In Cedars Rapids the purpose giving rise to the enhancement of value,
namely the use of the lands in question as part of a water power development of
the type in question, could arise only where the appropriate statutory powers
had been granted, whereas in the present case the land acquired could have been
used for a highway without the exercise of any statutory power and certainly
was not dependent upon the Secretary of State exercising any statutory power to
stop-up any part of Thorley Lane. I should perhaps add that it is clear, from
the passage that I have quoted from the decision in Cedars Rapids, that
the obtaining of the requisite Parliamentary powers was to be borne in mind as
providing opportunity for realisation of the enhanced value. Even after the
company had obtained the necessary statutory powers, they also required the
consent of the Dominion Government to erect works in the bed of the river and
to abstract water from it, but the provisions of rule (3) do not refer to this.

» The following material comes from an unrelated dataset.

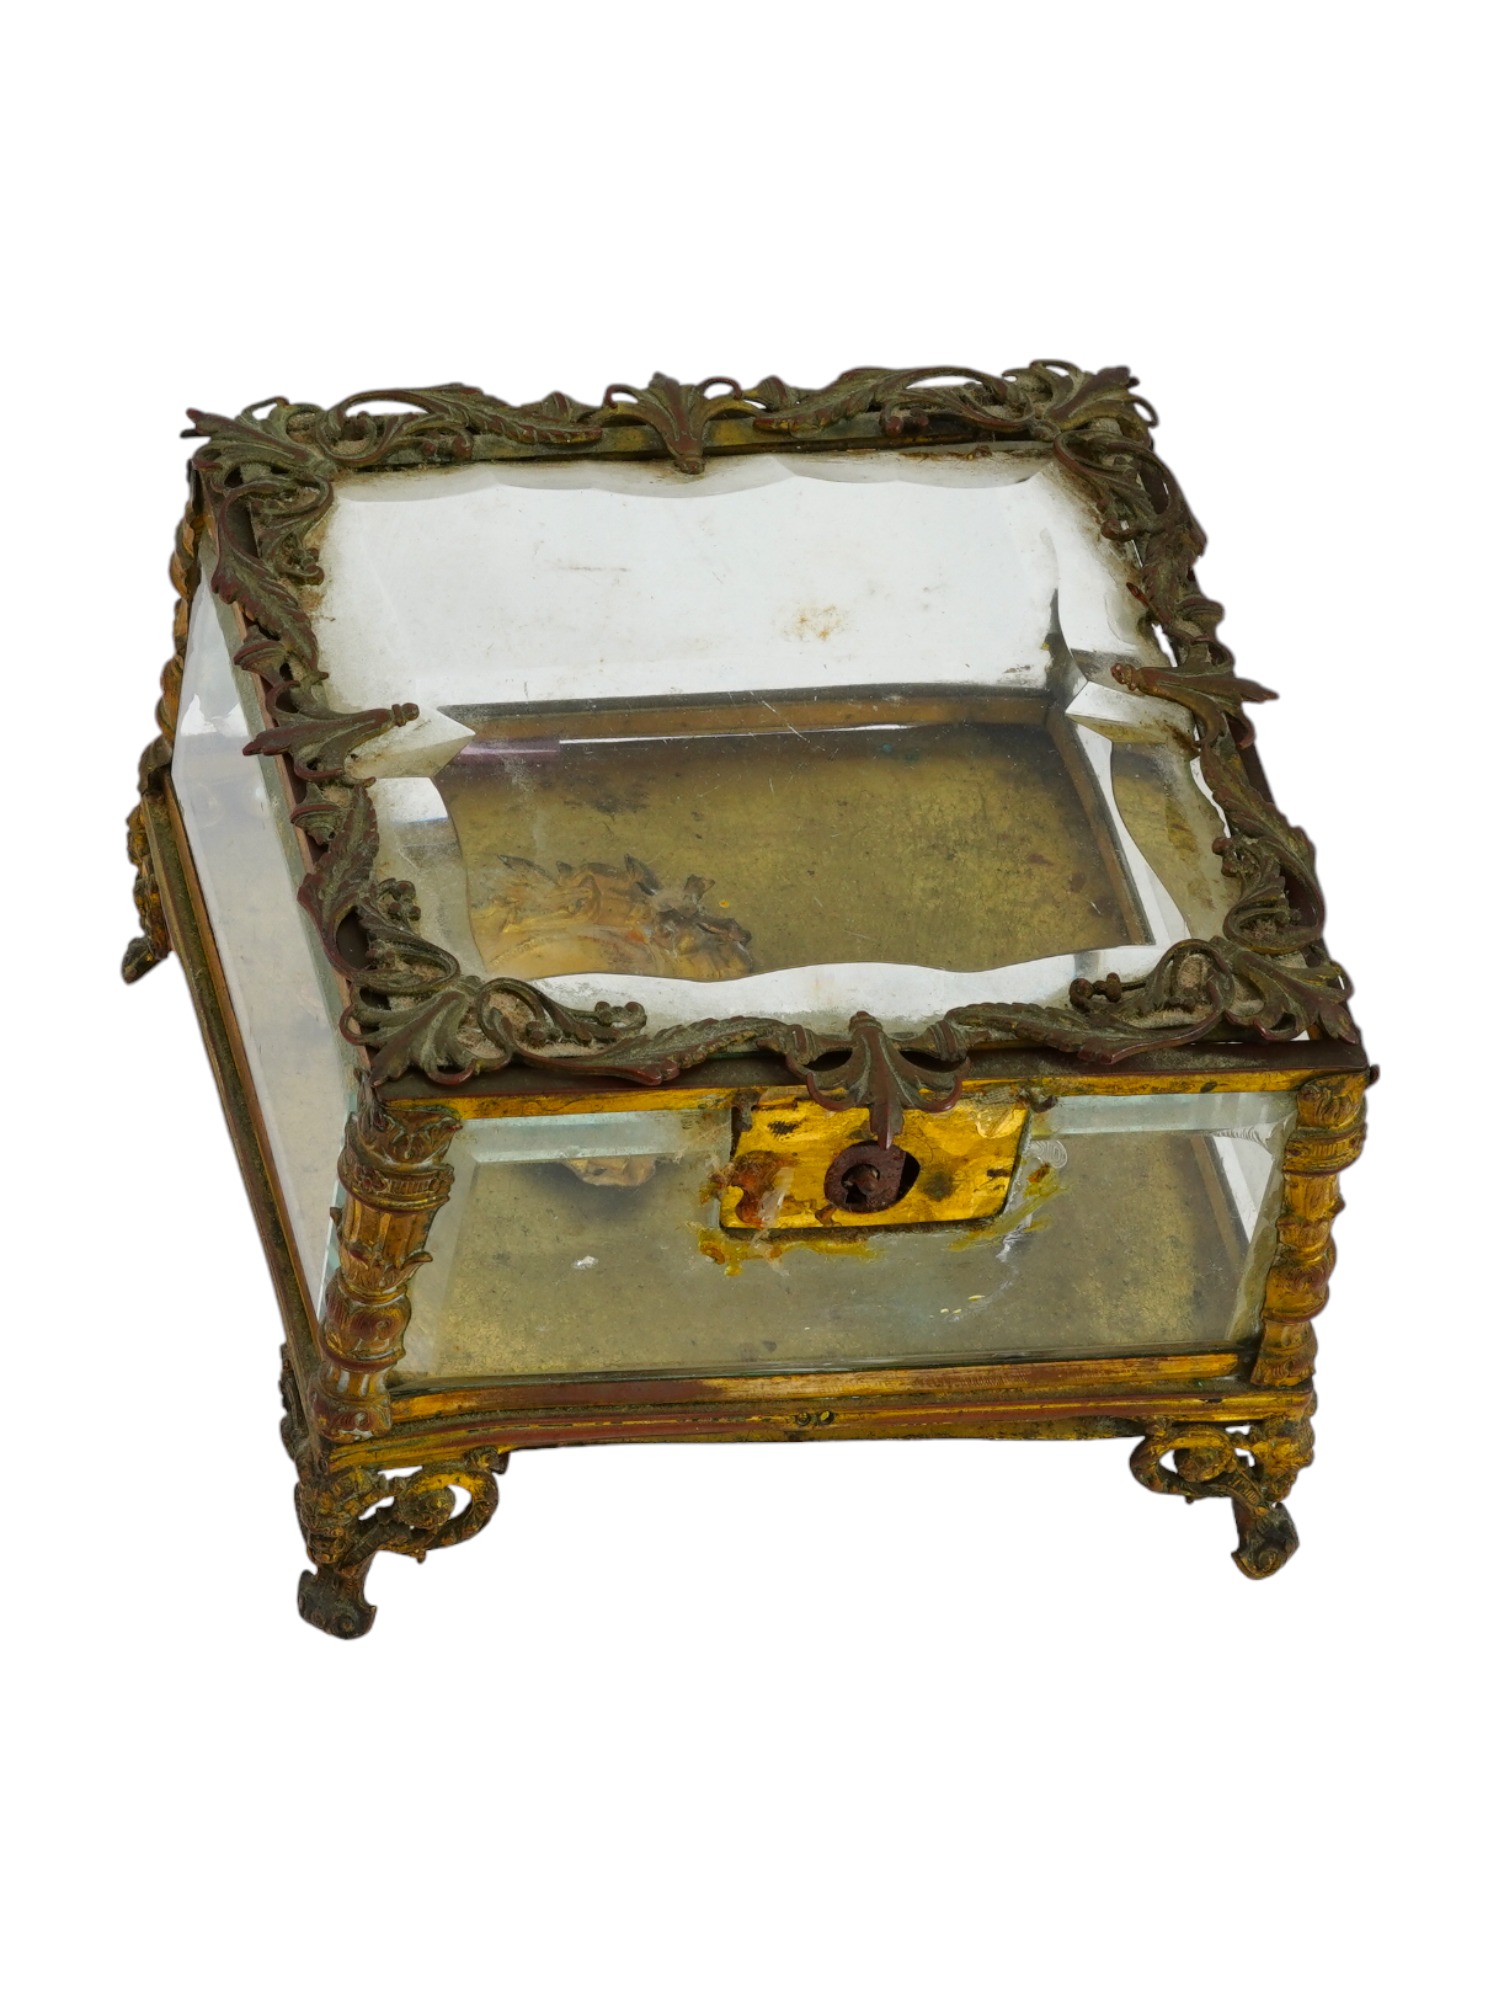 ANTIQUE FRENCH GILT BRONZE CLEAR GLASS TRINKET BOX PIC-2

This I think goes to emphasise the distinction referred to by counsel for the
claimants when he pointed out that, if the present case was covered by the
rule, it was very difficult to see why the rules should not also cover a
purpose to which a piece of land could be put only after obtaining some
particular statutory consent such as planning permission, consent under the
Building Acts, or the like. It is clear from the modern statutory provisions
governing compensation for the compulsory acquisition of land that the question
of what types of development would receive planning consent is highly relevant
to the determination of compensation for compulsory acquisition and any
construction of the provision founded upon which resulted in any enhancement of
the value of a piece of land resulting from its use for a purpose which
required planning permission being disregarded would be absurd.
The Lands
Tribunal came to the same conclusion as I have done on the submission of the
council which has been the subject of appeal to your lordships’ House. Mr
Mallett said [1988] 2 EGLR 213 at p 216:
Clearly the
first limb of the provision of rule (3) cannot apply in that the special
suitability or adaptability of the land can be realised other than by the use of
statutory powers.
In the Court
of Appeal Mann LJ dealt with the argument in this way [1989] 2 EGLR 18, at p
20:
Mr Rich relied
upon the first limb of the rule, and put the matter in this way: the Thorley
Lane improvement included not only the construction of a new carriageway but
also the closure of certain parts of the existing lane (none of which were on
the reference land). That, he said, could be achieved only in the exercise of
statutory powers, the exact nature of which I do not particularise because
there may be doubt as to whether the proper procedures were subjected to
adherence.
Undoubtedly
the reference land was locationally suitable for the improvement, and it may
even be taken that it has ‘a special suitability’. However, I am not persuaded
by the argument.
Mr Horton
countered it by saying that private developers can and do so construct roads or
road improvements upon land which they own, subject only to the obtaining of
planning permission. He also pointed out that developers frequently have to
stop-up existing highways and they may be authorised to do so at their own
instance under section 209 of the Town and Country Planning Act 1971. That
being so, and bearing in mind that the statutory closure was not upon the
reference land, I do not see, in common with the tribunal (albeit for different
reasons) that rule (3) applies.
The order for
costs made in the Court of Appeal no doubt reflects the fact that the Court of
Appeal decided against the council on this argument, although in their favour
on the other argument which resulted in the Court of Appeal deciding to remit
the case to the Lands Tribunal. Since, in my opinion, the result on the
argument adduced to your lordships is the same as it was both in the Lands
Tribunal and in the Court of Appeal, the decision of the Court of Appeal as to
costs should stand, but the council having failed in their appeal to this House
must pay the claimants’ costs here.
LORDS KEITH
OF KINKEL, BRIGHTMAN, OLIVER OF AYLMERTON and LOWRY
agreed that the appeal should be dismissed, and did not add anything.